● **Try it**:
Give the data again exactly as written, without any of its pictures.

● **Provided material**:
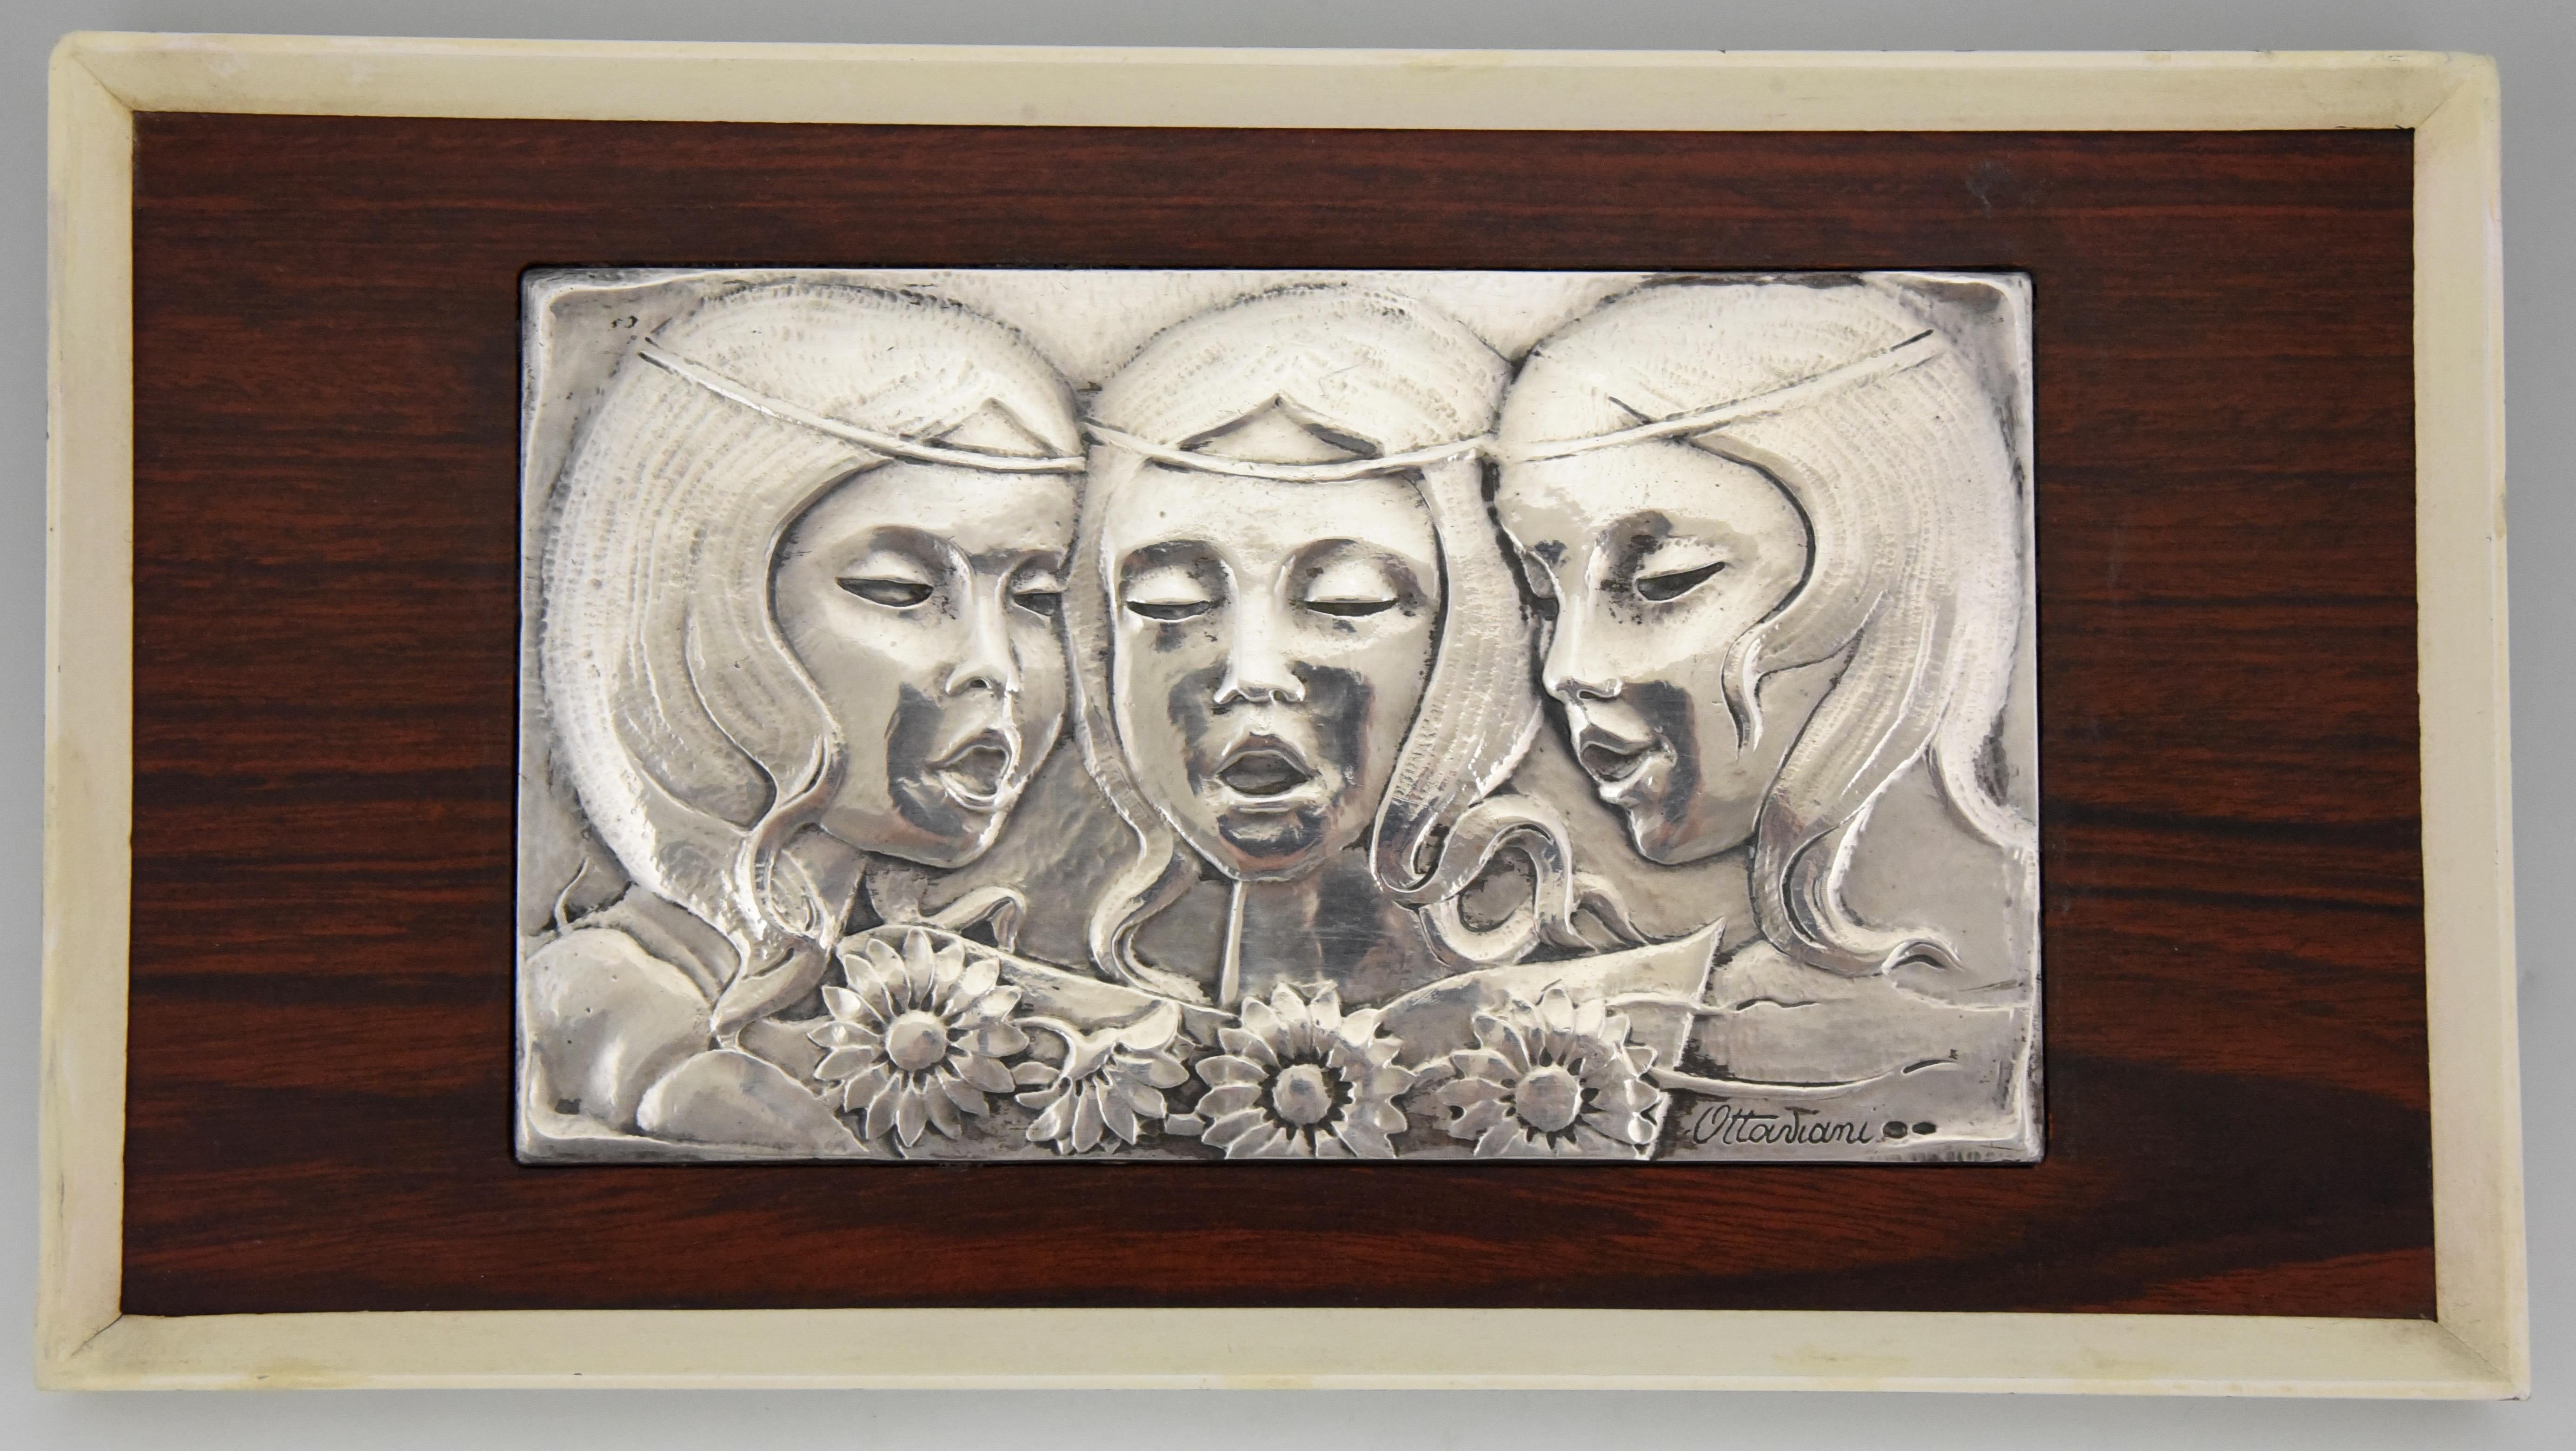 Hübsche Mid Century Sterling Silber Wandtafel 3 singende Mädchen mit Blumen. Signiert von dem italienischen Silberschmied Ottaviani, 1960. 
Ottaviani (1945) ist ein Schmuck- und Silberunternehmen mit Sitz in der kleinen Küstenstadt Recanati,
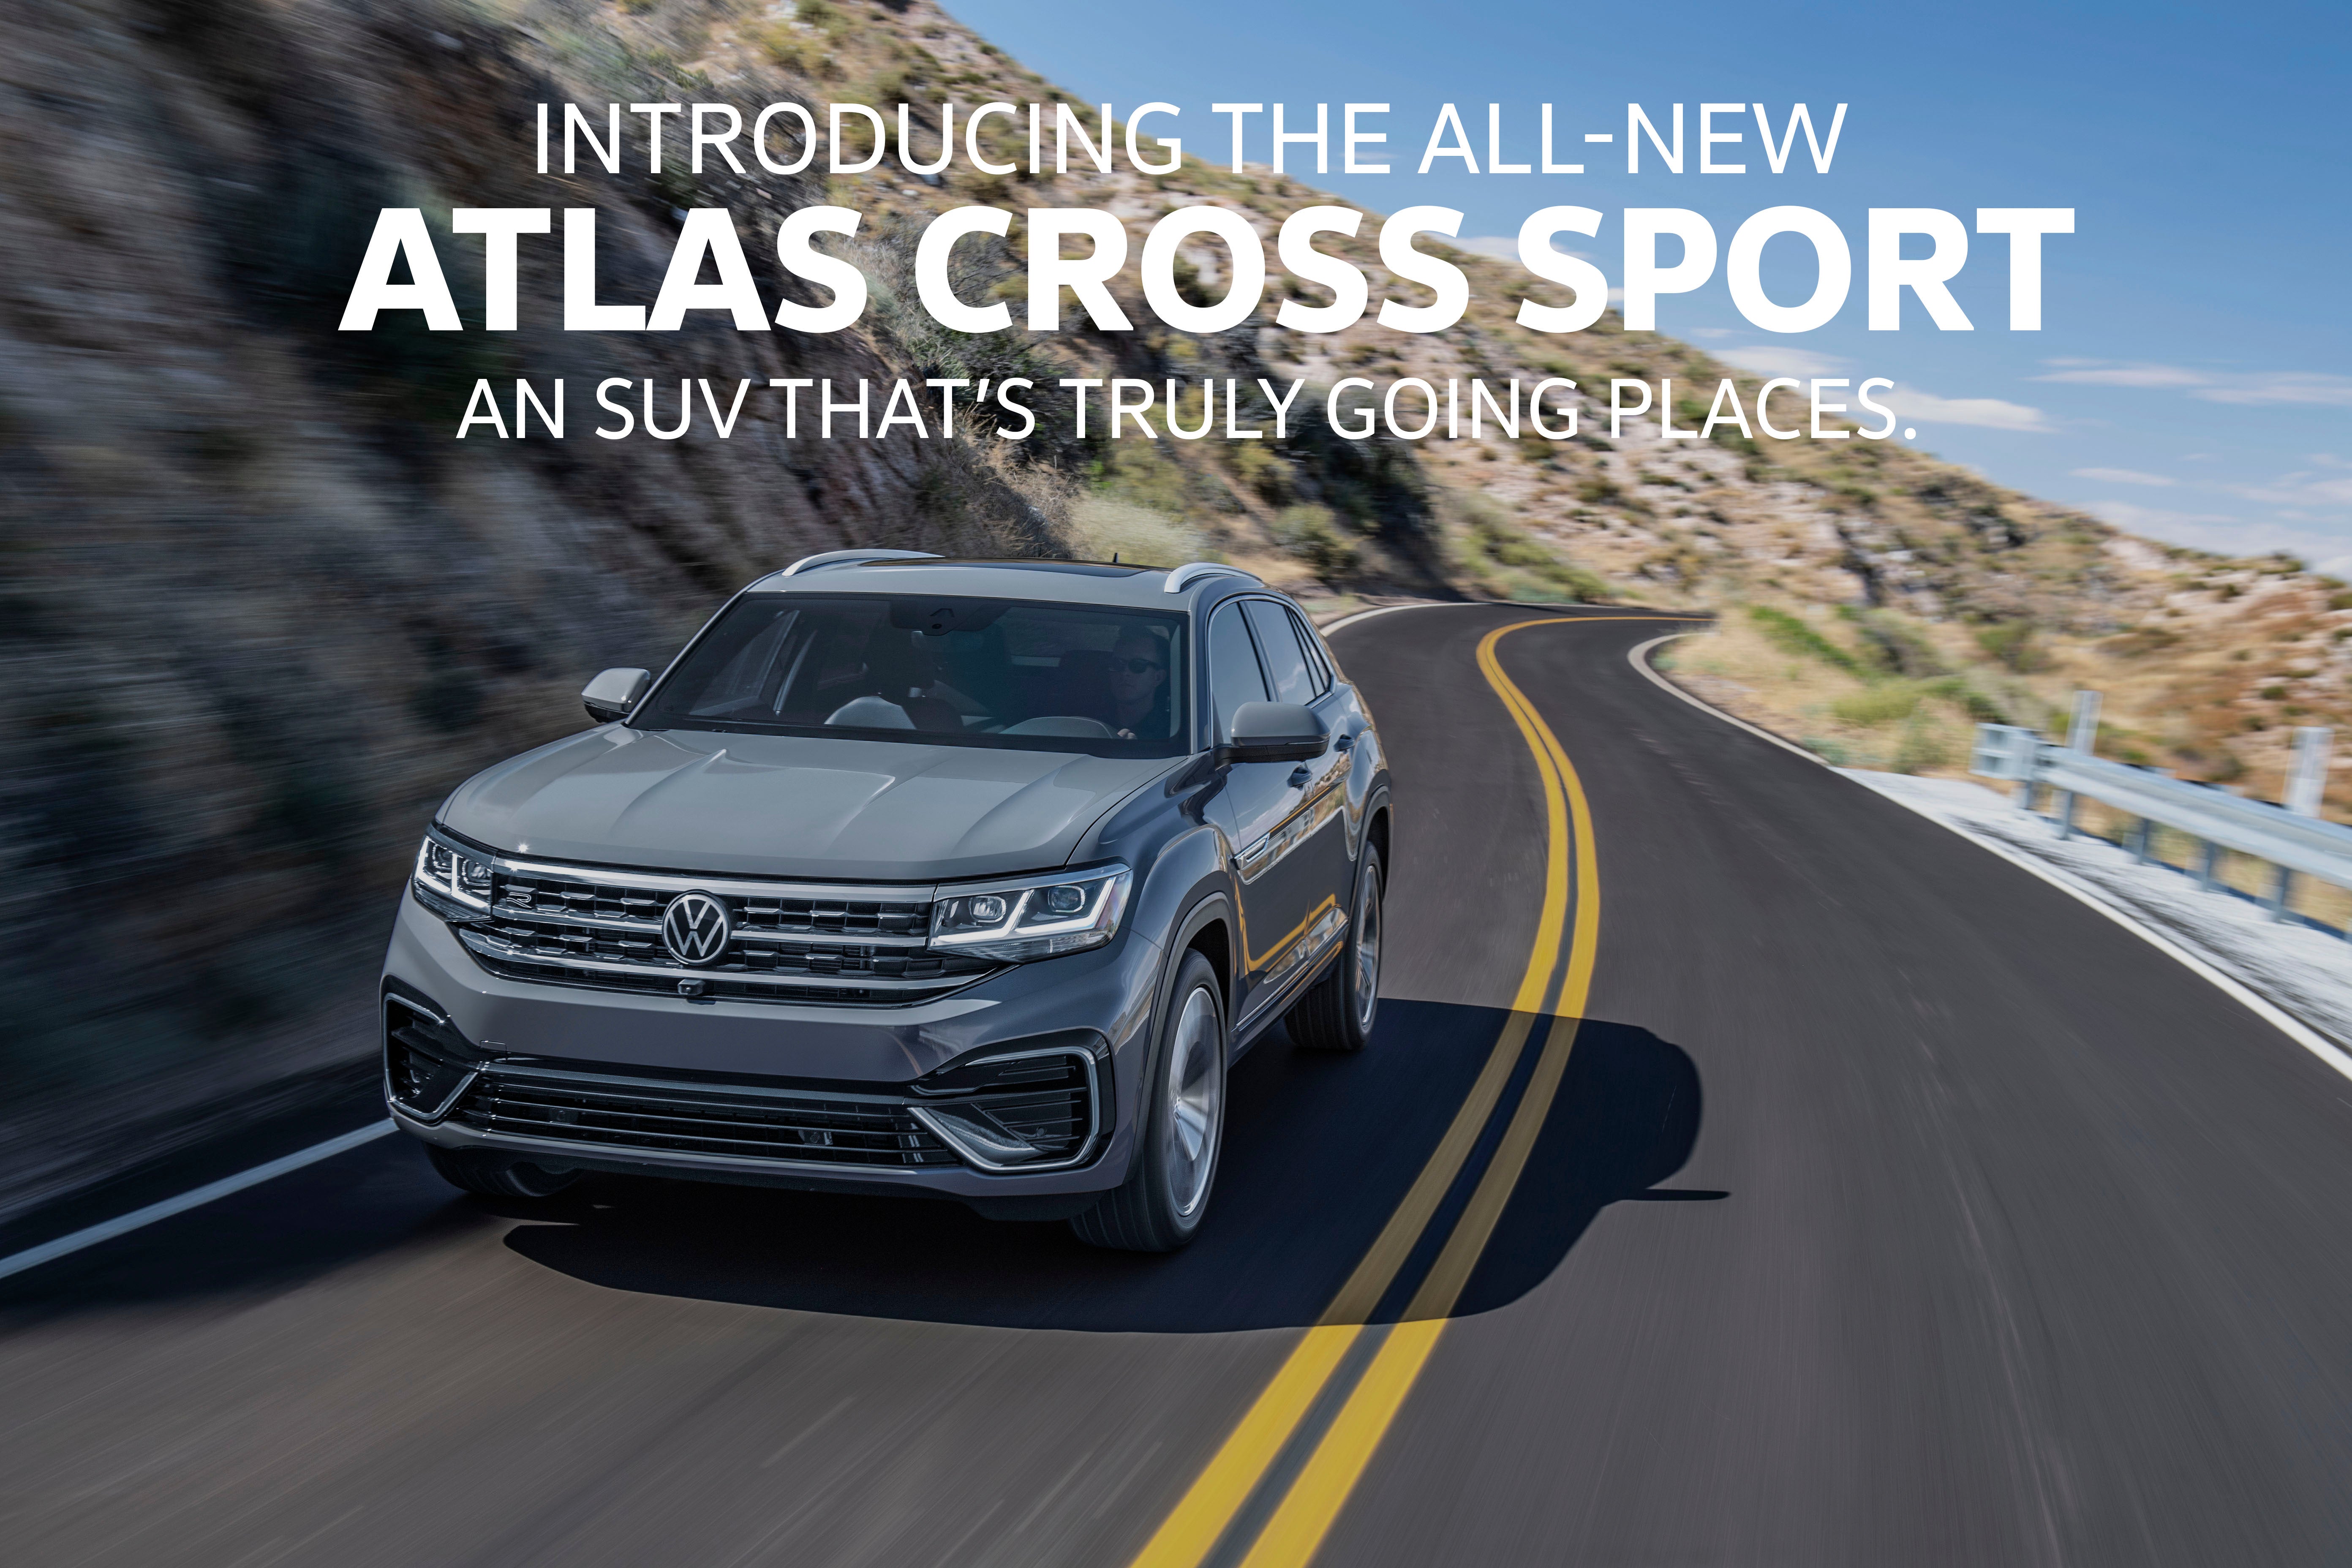 Atlas Cross Sport

● **Result for this exercise**:
 Hübsche Mid Century Sterling Silber Wandtafel 3 singende Mädchen mit Blumen. Signiert von dem italienischen Silberschmied Ottaviani, 1960. 
Ottaviani (1945) ist ein Schmuck- und Silberunternehmen mit Sitz in der kleinen Küstenstadt Recanati,
 Atlas Cross Sport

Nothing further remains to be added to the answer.